Friday, September 16, 2022

220916 Our life after the navy years

I was discharged from the navy in March of 1974.
Thus began a new life with Joyce and we were together for the rest of her life. Those first years were not as easy as they were expected to be. Life doesn’t always happen as we plan.

We moved back to Missouri in 1974 and we prepared to open the TV business. We were running low on cash, so I went to work at two other TV shops for more than a year before I could go out on my own. We struggled for four years through a major recession and were losing ground. TV’s had gotten better and needed less repairs and when a set had major problems, people went and bought a new set instead of getting the old one repaired.

In 1978 we sold out and went back to California. By the time we got there, we were running low on cash again. It took most of what we had getting there and acquiring an apartment. I had to cash in some of my US Savings bonds to survive until I found a job. Once I started working things were much better. It was MargaritaVille every weekend. I was making some money at Burroughs and Joyce had a part time job when Annie was in school. Life was a lot better for us. We started saving some money. We bought a home a year later, sold it for a nice profit 4 years after that and bought Joyce’s WOW home. We hosted some legendary parties there and lived there until late 1987 when we moved back to Missouri so we would be close enough to our parents to assist them in their elder years. That was needed as I expected it would be. I started working at Litton in January 1988 and worked there until the plant closed in 2007.

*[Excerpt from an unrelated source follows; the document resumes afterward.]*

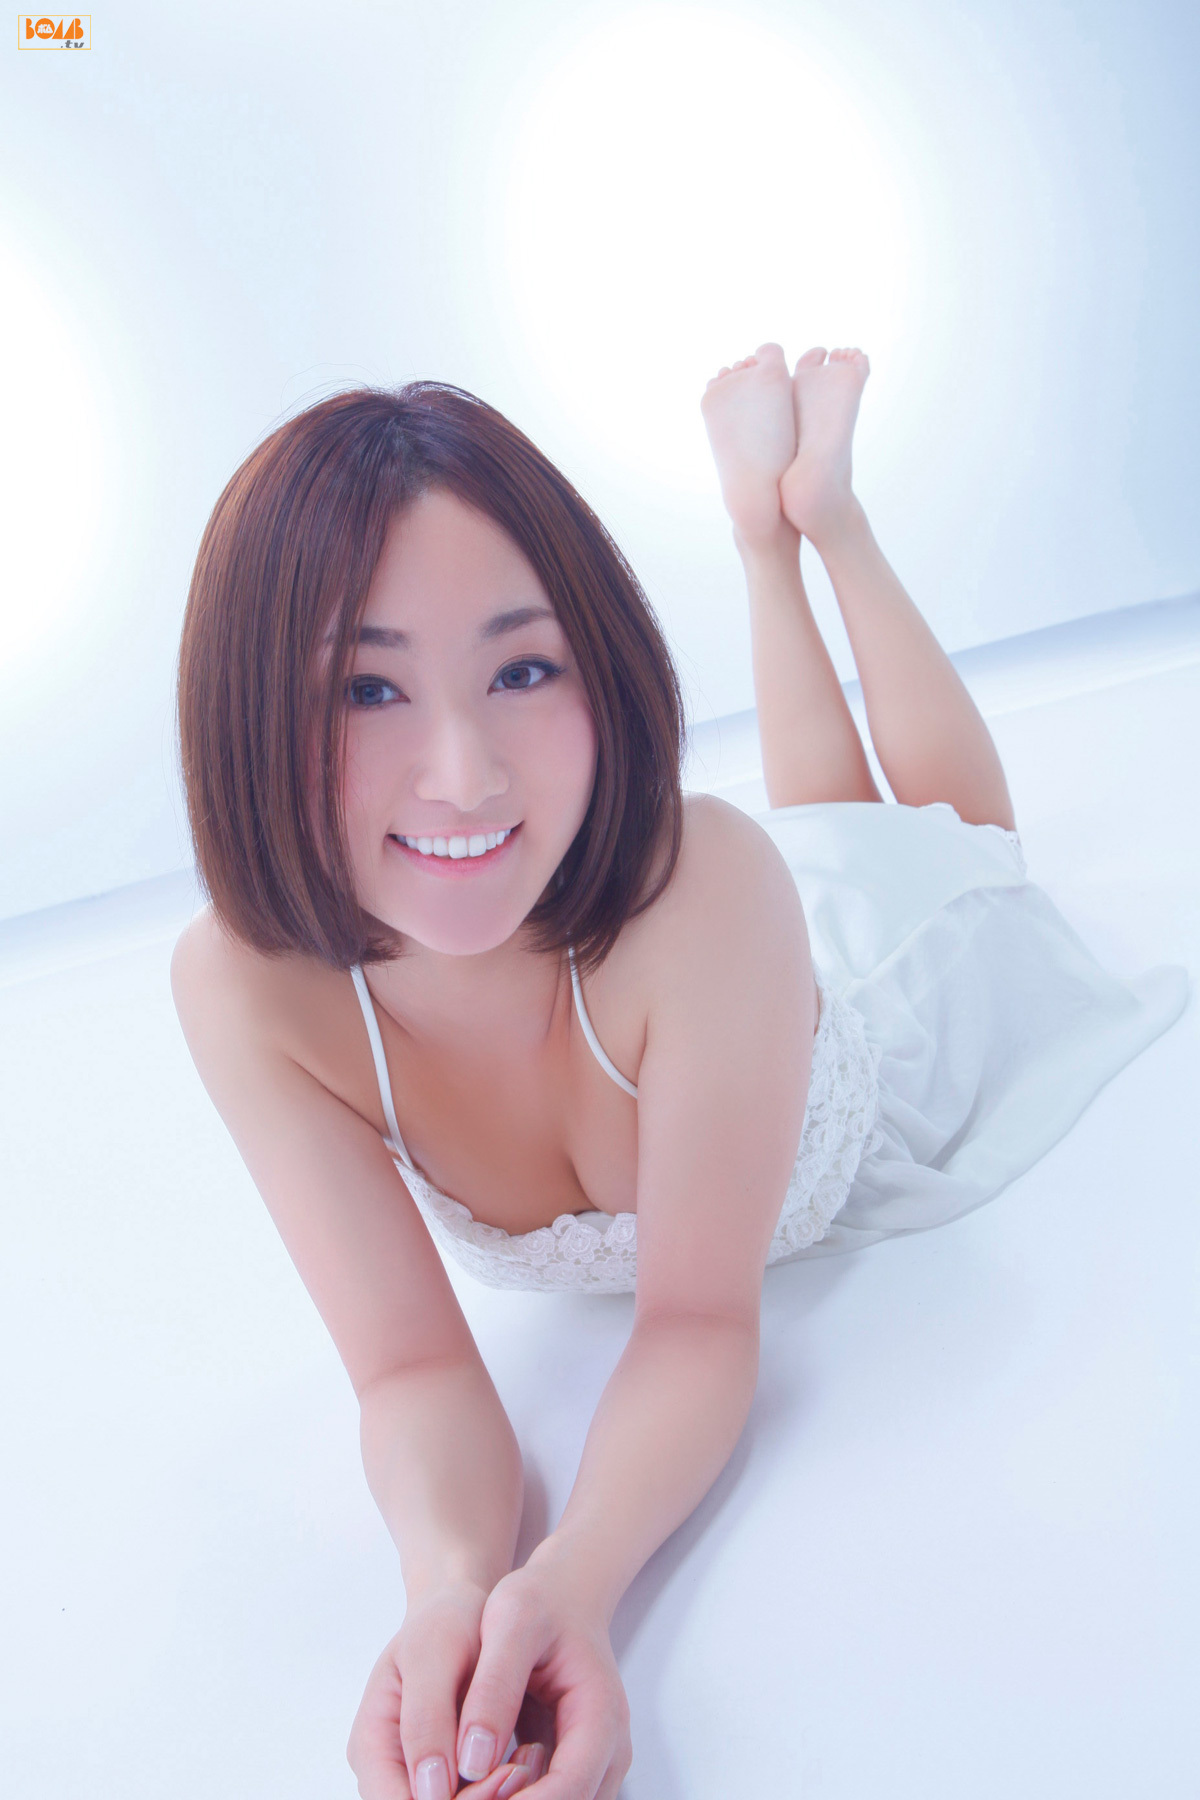 Yoshinaga Mika[ BOMB.TV ]20101 beauty pictures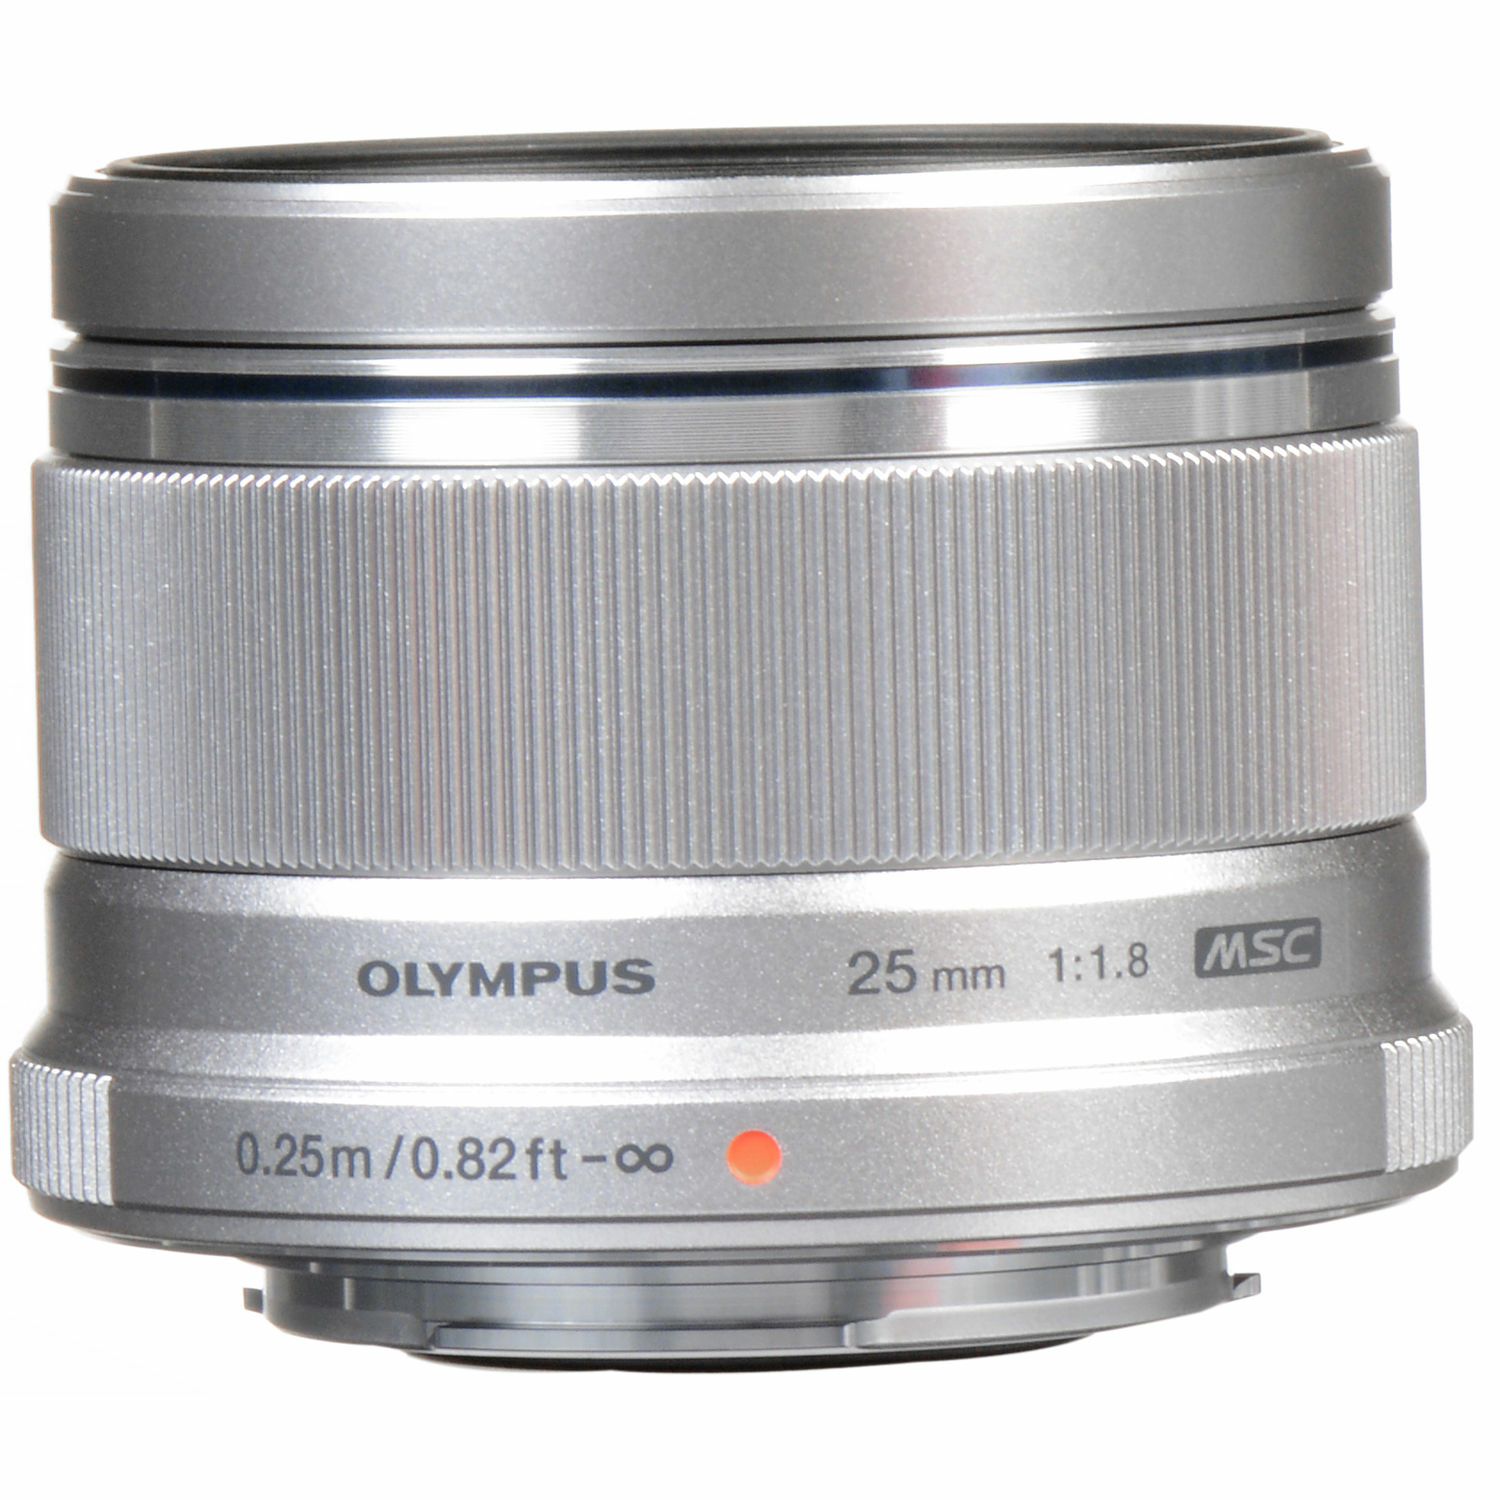 Olympus M. Zuiko Digital 25mm f/1.8 Silver Premium objektiv fiksne žarišne duljine ES-M2518 25 1:1.8 f1.8 prime lens Micro Four Thirds MFT micro4/3" (V311060SW000)

We bought the farm in 1989 and lived there until 2017. We had many good years there. We sold the farm in 2017 and moved to town so we could be close to doctors and hospitals. That was lucky because Joyce had her first brain Aneurysm in October of 2017 and had we been on the farm she may not have made it to the hospital in time to survive. Once Joyce was diagnosed in Springfield she was sent on a life flight helicopter to Saint Louis for surgery. That led to several weeks in Saint Louis until Joyce was sent back to Springfield for rehabilitation after surgery. We almost lost her again in Springfield when she went unconscious and was sent to the hospital in Springfield for another surgery where they put in a device to drain fluids in her skull that were causing excessive pressure inside her brain. She went back to rehabilitation again and was finally released in January of 2018. She was so weak she could barely walk after those months in hospital. She was also suffering from a brain syndrome that gave her hallucinations that frightened her. Driving home she was seeing cars coming right at us on the highway when there were no cars coming at us. She didn’t even recognize where we lived and thought there were windows when they were actually walls. I had to care for her 24/7 for a few months.

Joyce finally recovered, though she had severely limited vision in one eye and none in the other eye. She began to realize the hallucinations were not real and life got much better for her last years. We had some of the best years of our life in her remaining years, until one year ago in our apartment when she went unconscious from another aneurysm. She never recovered. Now, all I have is my memories of Joyce in better times.